The FSO Syrena Sport was built at FSO in Warsaw between 1957 and 1960, and designed by Cezary Nawrot.

Originally, the car was not intended for production – it was a test platform for a number of solutions and production technologies intended for the modification of Syrena sedan, which was mass-produced since 1955. Cezary Nawrot on purpose designed a very low and flat bonnet, to avoid a standard 2-stroke 2-cylinder S-15 engine (used in other Syrenas) to be installed in this car. Consequently, the available, completely new 4-stroke flat-twin engine, designated S-16, designed by Władysław Skoczyński and Andrzej Zatoń was used. Contrary to a widespread opinion, the engine did not share internal components with Panhard Dyna - only Panhard's engine accessories, such as the carburettor and ignition were used to simplify testing of the prototype.

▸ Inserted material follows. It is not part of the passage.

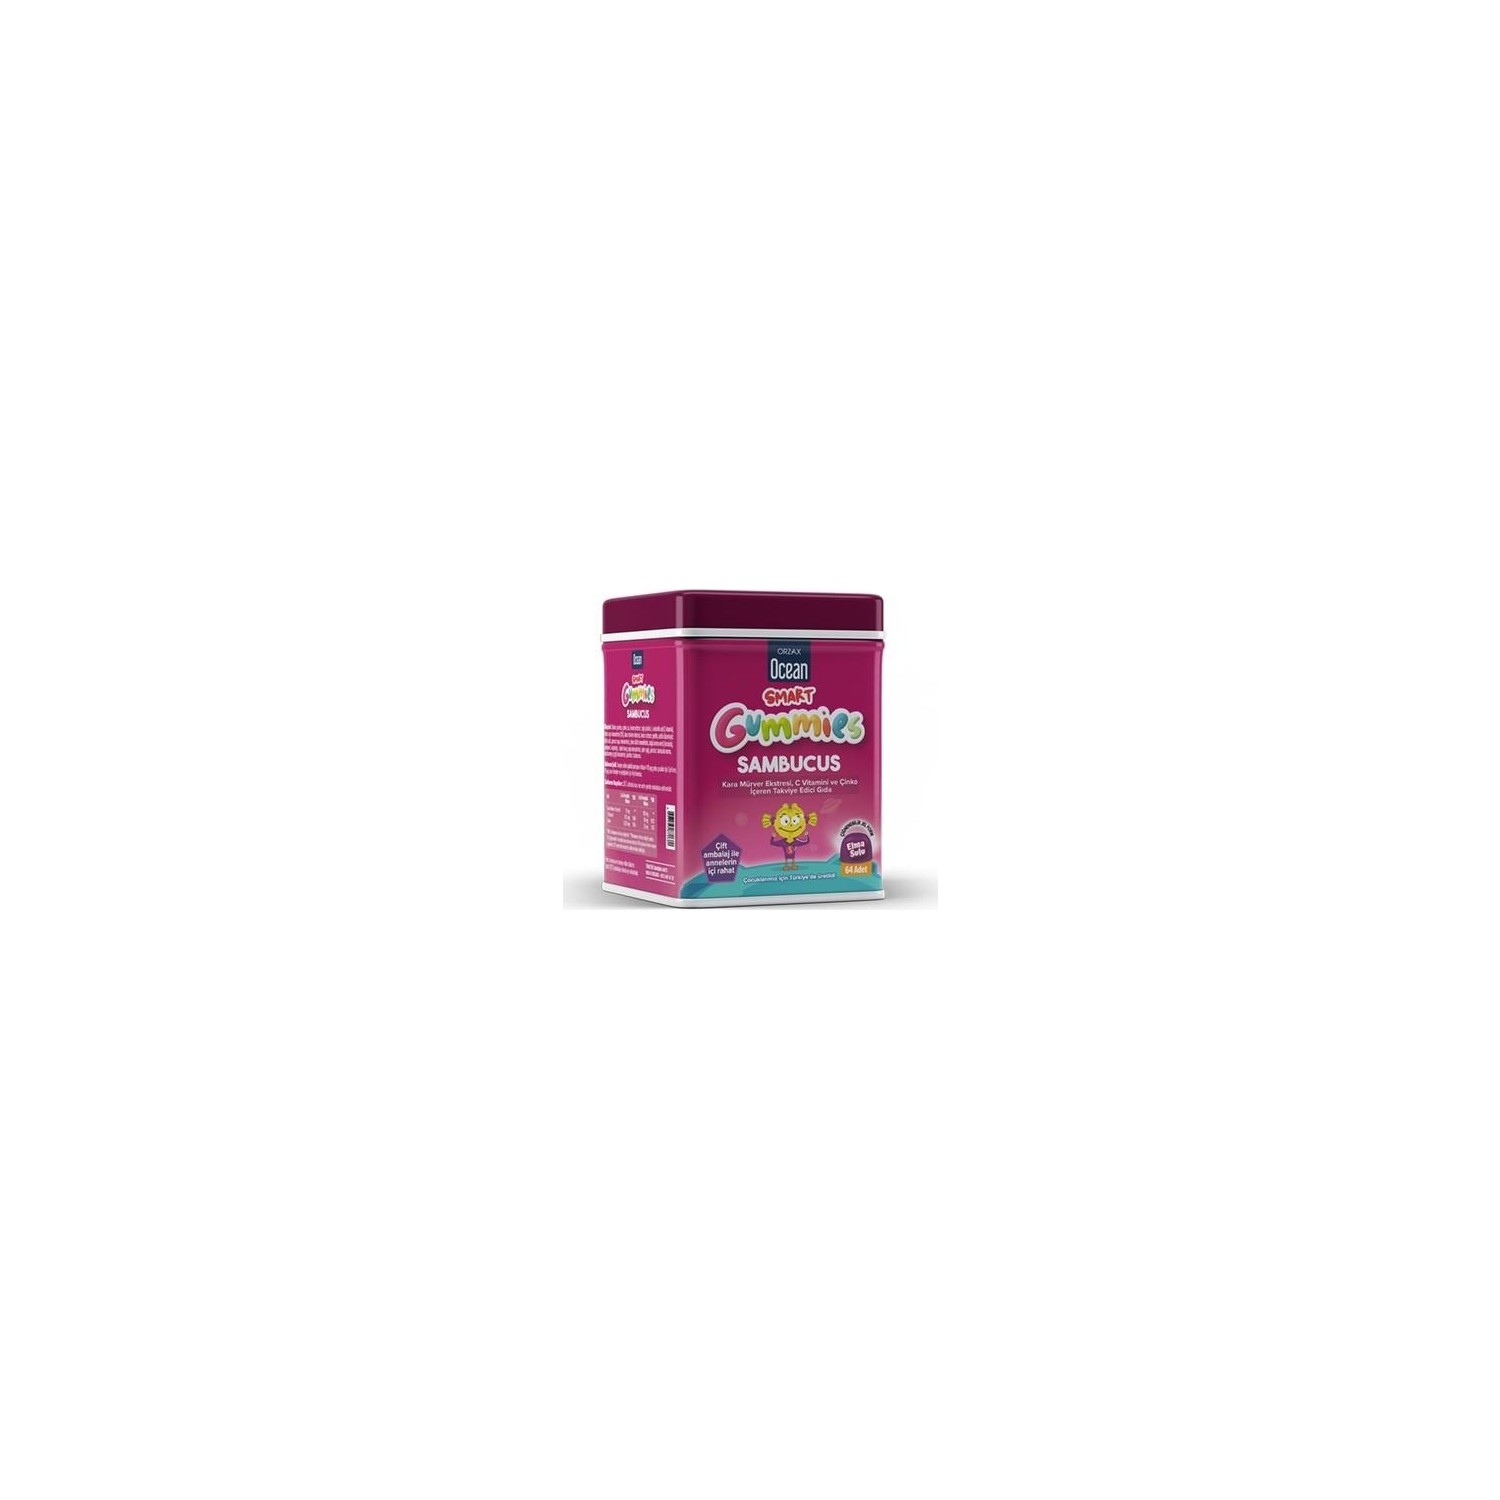 Мультивитамины Orzax Smart Gummies Sambucus, 64 таблетки цена и фото

The intended rated power was around 50 bhp, but the first prototype developed around 35 bhp - performance test were carried out, but their results have not been preserved. Stanisław Łukaszewicz was the chief designer of another important innovation: self-supporting chassis with strengthened floor panel - other Syrenas at that time used traditional steel ladder frame. The body of the car was moulded in fibreglass, which was the first such attempt at FSO. Syrena Sport also had a new independent rear suspension with trailing arms and torsion bars designed by Antoni Drozdek. Some other systems were built and tested, such as FSO's first floor shifting mechanism and hydraulic-controlled clutch. Naturally, many mechanical and electrical parts were taken directly from other versions of the Syrena, including transmission, headlights, dials, etc.

The young team of designers were largely given free hand in realising their aspirations, and the resulting design was largely praised by critics. Chief designer Cezary Nawrot admitted being inspired by various Ferrari models and Mercedes-Benz 190SL. After its presentation on the Labour Day, (1 May) the car quickly became a sensation, and was widely described in the automobile press of the day – especially the "Motor" weekly. At least once the car featured in the daily TV news programme "Dziennik Telewizyjny" (TV Journal). A short mention and a photo of Syrena Sport appeared in the prestigious Swiss yearly Automobile Year 1960–1961, and in May 1960 the Italian nationwide daily newspaper "Il Giorno" described Syrena Sport as "the most beautiful car built behind the Iron Curtain".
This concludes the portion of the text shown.